On your browser press Ctrl+Shit+I
or right click and choose Inspect Element
to open up the inspector in your browser. You can find that that all the articles are inside a div with class archive
and each article is inside article
tag. So we create a selector div.archive article
which means find all elements with tag article
that is inside a div with class archive
. For more details on CSS selectors, visit this page http://htmldog.com/references/css/selectors/.
Now for each elements that are supposed to contain the articles, we extract title, excerpt and image. Once again, after inspecting a article block, we can see that the title is inside h2
tag so we call select_one
with the selector h2
.
For excerpt, we can see that it is in a p
tag which also has an attribute called itemprop
and its value is set to description
, so create a selector p[itemprop=description]
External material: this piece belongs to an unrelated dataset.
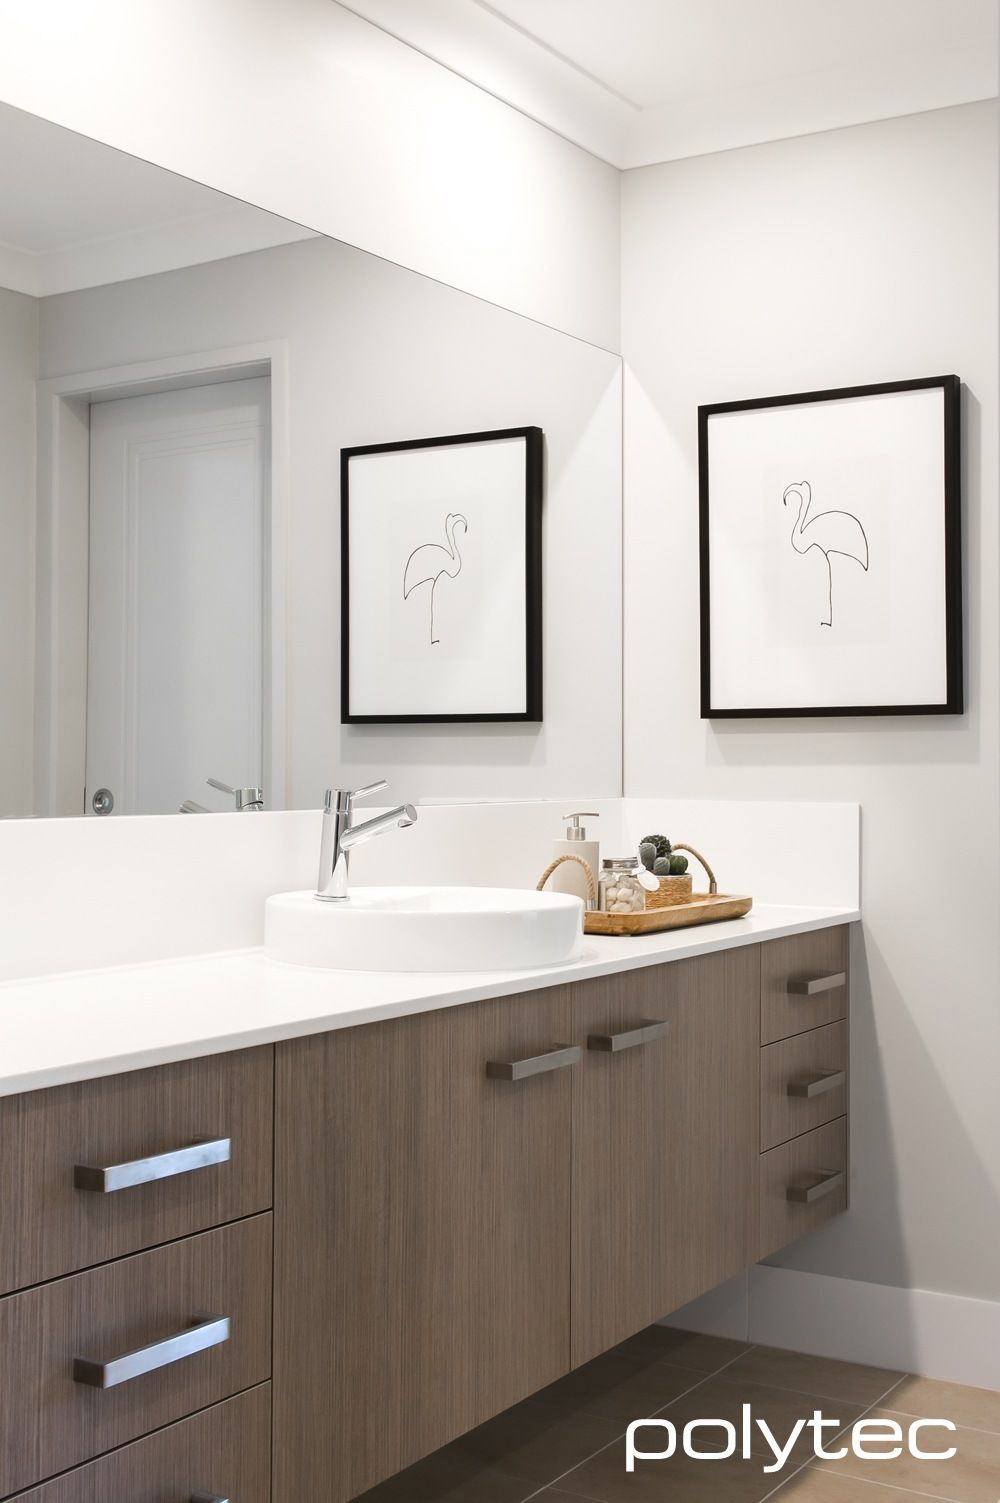 Stylish bathroom vanity in MELAMINE Tessuto Milan Matt. | Baths in ...

that means find all elements with p
tag that has itemprop
attribute and its value is set to description
. If there are other p
elements with out that itemprop
attribute with description
value, they won’t be selected.
For image, we know that it is in an img
tag which is a direct child of a div
with class archive__item-teaser
, so we create a selector div.archive__item-teaser > img
(note the >
since img
is direct child of the div
) and use get
function to retrieve src
attribute of img
. You might have noticed that the value in src
does not contain absolute link, so we need to make it absolute which can be done by calling urljoin
function.
Finally we create a dictionary and append it to output and return once all articles are processed.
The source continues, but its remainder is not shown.